# [solved] no dvdrom

## DMoL

I have no /dev/sr0 device, which represents my dvd-rom

I have the following messages in dmesg

scsi 0:0:0:0: Direct-Access     ATA      TOSHIBA MK1665GS GJ00 PQ: 0 ANSI: 5

sd 0:0:0:0: [sda] 312581808 512-byte logical blocks: (160 GB/149 GiB)

sd 0:0:0:0: [sda] Write Protect is off

sd 0:0:0:0: [sda] Mode Sense: 00 3a 00 00

sd 0:0:0:0: [sda] Write cache: enabled, read cache: enabled, doesn't support DPO or FUA

scsi 1:0:0:0: CD-ROM            HL-DT-ST DVDRAM GT30N     1.01 PQ: 0 ANSI: 5

sd 0:0:0:0: [sda] Attached SCSI disk

When I boot up via SystemRescueCD I got sr0 device, it says something about "scsi3-mmc driver is loaded"? Obviously, I misconfigured the kernel? 

I have enabled in my kernel the following:

-> Device Drivers -> SCSI device support -> SCSI CDROM support, SCSI media changer support, SCSI generic support

By the way, is there any generic way to bootup via SystemRescueCD, look at loaded drivers, and to determine which kernel option should be enabled to compile the required driver?

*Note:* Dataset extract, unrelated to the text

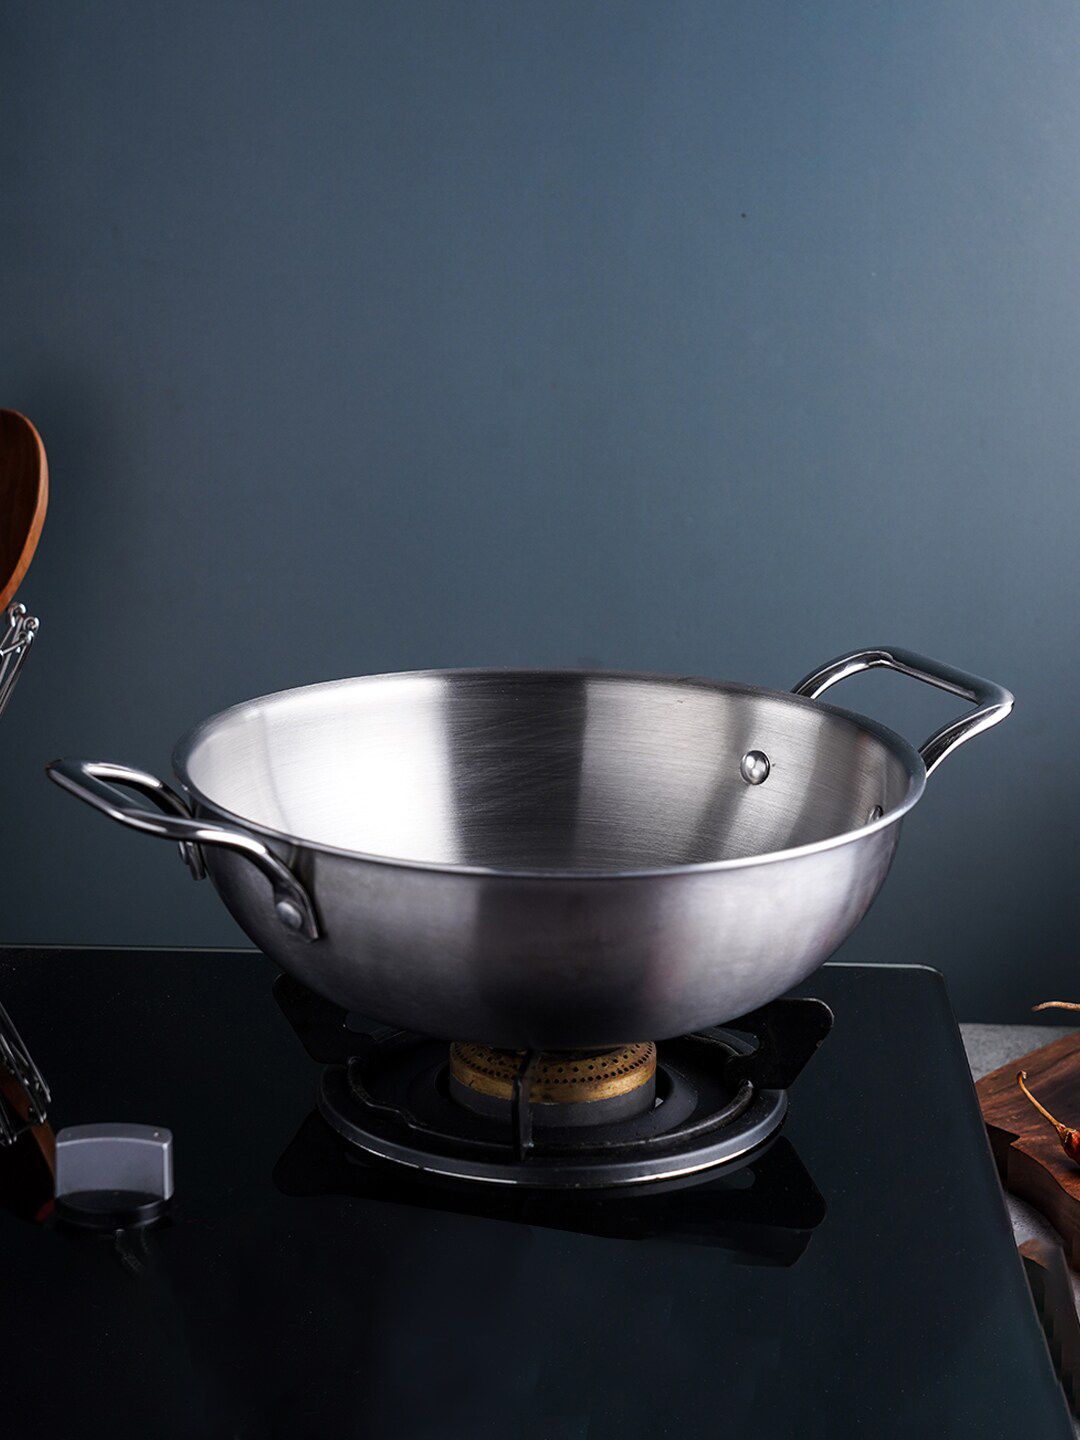 The Indus Valley Silver-Toned Triply Induction Friendly Stainless Steel Kadai Price in India

Thanks a lot!Last edited by DMoL on Mon Aug 23, 2010 4:46 pm; edited 1 time in total

----------

## NeddySeagoon

DMoL,

Your TOSHIBA MK1665GS hard drive is SATA2, I suspect your CDROM is PATA, in which case you probably have the PATA option for your chipset missing in the SATA menu.

For your PCI hardware, you can get a list of drivers like this. Thats Pappys site.

You can post problems with seeds at the end of this thread

----------

## DMoL

Thanks for helping, but lspci does not lists my cdrom driver. It detected my SB700/SB800 IDE Controller (pata_atiixp driver), but the driver is already compiled in (kernel option :  CONFIG_PATA_ATIIXP). And there is no any options for the driver...  :Sad: 

----------

## NeddySeagoon

DMoL,

Thats the right kernel option.  Lets check you are actually running the kernel you think you are.

Look at the date/time in 

```
uname -a
```

Thats the date/time when the running kernel was built. From memory, is it correct?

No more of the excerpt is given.